▶ [EXCERPTED DATA]
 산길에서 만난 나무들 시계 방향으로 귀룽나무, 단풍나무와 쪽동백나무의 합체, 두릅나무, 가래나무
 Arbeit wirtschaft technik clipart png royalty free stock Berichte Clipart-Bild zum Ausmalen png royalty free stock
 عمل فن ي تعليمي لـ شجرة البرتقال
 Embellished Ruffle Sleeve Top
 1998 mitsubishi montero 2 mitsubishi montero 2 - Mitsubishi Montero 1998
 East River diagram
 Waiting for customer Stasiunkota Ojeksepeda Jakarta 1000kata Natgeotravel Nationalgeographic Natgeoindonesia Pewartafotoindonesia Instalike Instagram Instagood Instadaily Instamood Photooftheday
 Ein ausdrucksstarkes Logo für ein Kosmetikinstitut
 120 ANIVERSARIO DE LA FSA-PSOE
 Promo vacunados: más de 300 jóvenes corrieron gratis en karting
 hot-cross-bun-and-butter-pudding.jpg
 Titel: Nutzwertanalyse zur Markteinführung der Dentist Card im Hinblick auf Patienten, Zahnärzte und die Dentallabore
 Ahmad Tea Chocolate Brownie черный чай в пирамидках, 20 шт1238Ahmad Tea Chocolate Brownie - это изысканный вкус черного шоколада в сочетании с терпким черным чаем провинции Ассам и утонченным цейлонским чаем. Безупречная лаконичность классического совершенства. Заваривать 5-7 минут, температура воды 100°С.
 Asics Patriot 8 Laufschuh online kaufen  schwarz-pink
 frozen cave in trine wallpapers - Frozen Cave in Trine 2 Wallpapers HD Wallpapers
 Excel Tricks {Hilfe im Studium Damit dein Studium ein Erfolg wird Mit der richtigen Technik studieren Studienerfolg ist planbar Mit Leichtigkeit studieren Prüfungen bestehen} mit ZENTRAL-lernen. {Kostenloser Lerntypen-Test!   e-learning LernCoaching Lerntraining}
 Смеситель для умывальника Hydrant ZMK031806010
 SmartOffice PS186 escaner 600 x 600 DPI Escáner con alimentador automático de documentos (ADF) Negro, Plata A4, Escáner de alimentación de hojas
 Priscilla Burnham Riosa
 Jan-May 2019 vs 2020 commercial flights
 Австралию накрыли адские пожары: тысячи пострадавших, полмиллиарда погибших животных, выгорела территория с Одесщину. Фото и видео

▶ [WORK TO BE COMPLETED]
Copy every line of the records, leaving nothing out.

▶ [RESPONSE]
 산길에서 만난 나무들 시계 방향으로 귀룽나무, 단풍나무와 쪽동백나무의 합체, 두릅나무, 가래나무
 Arbeit wirtschaft technik clipart png royalty free stock Berichte Clipart-Bild zum Ausmalen png royalty free stock
 عمل فن ي تعليمي لـ شجرة البرتقال
 Embellished Ruffle Sleeve Top
 1998 mitsubishi montero 2 mitsubishi montero 2 - Mitsubishi Montero 1998
 East River diagram
 Waiting for customer Stasiunkota Ojeksepeda Jakarta 1000kata Natgeotravel Nationalgeographic Natgeoindonesia Pewartafotoindonesia Instalike Instagram Instagood Instadaily Instamood Photooftheday
 Ein ausdrucksstarkes Logo für ein Kosmetikinstitut
 120 ANIVERSARIO DE LA FSA-PSOE
 Promo vacunados: más de 300 jóvenes corrieron gratis en karting
 hot-cross-bun-and-butter-pudding.jpg
 Titel: Nutzwertanalyse zur Markteinführung der Dentist Card im Hinblick auf Patienten, Zahnärzte und die Dentallabore
 Ahmad Tea Chocolate Brownie черный чай в пирамидках, 20 шт1238Ahmad Tea Chocolate Brownie - это изысканный вкус черного шоколада в сочетании с терпким черным чаем провинции Ассам и утонченным цейлонским чаем. Безупречная лаконичность классического совершенства. Заваривать 5-7 минут, температура воды 100°С.
 Asics Patriot 8 Laufschuh online kaufen  schwarz-pink
 frozen cave in trine wallpapers - Frozen Cave in Trine 2 Wallpapers HD Wallpapers
 Excel Tricks {Hilfe im Studium Damit dein Studium ein Erfolg wird Mit der richtigen Technik studieren Studienerfolg ist planbar Mit Leichtigkeit studieren Prüfungen bestehen} mit ZENTRAL-lernen. {Kostenloser Lerntypen-Test!   e-learning LernCoaching Lerntraining}
 Смеситель для умывальника Hydrant ZMK031806010
 SmartOffice PS186 escaner 600 x 600 DPI Escáner con alimentador automático de documentos (ADF) Negro, Plata A4, Escáner de alimentación de hojas
 Priscilla Burnham Riosa
 Jan-May 2019 vs 2020 commercial flights
 Австралию накрыли адские пожары: тысячи пострадавших, полмиллиарда погибших животных, выгорела территория с Одесщину. Фото и видео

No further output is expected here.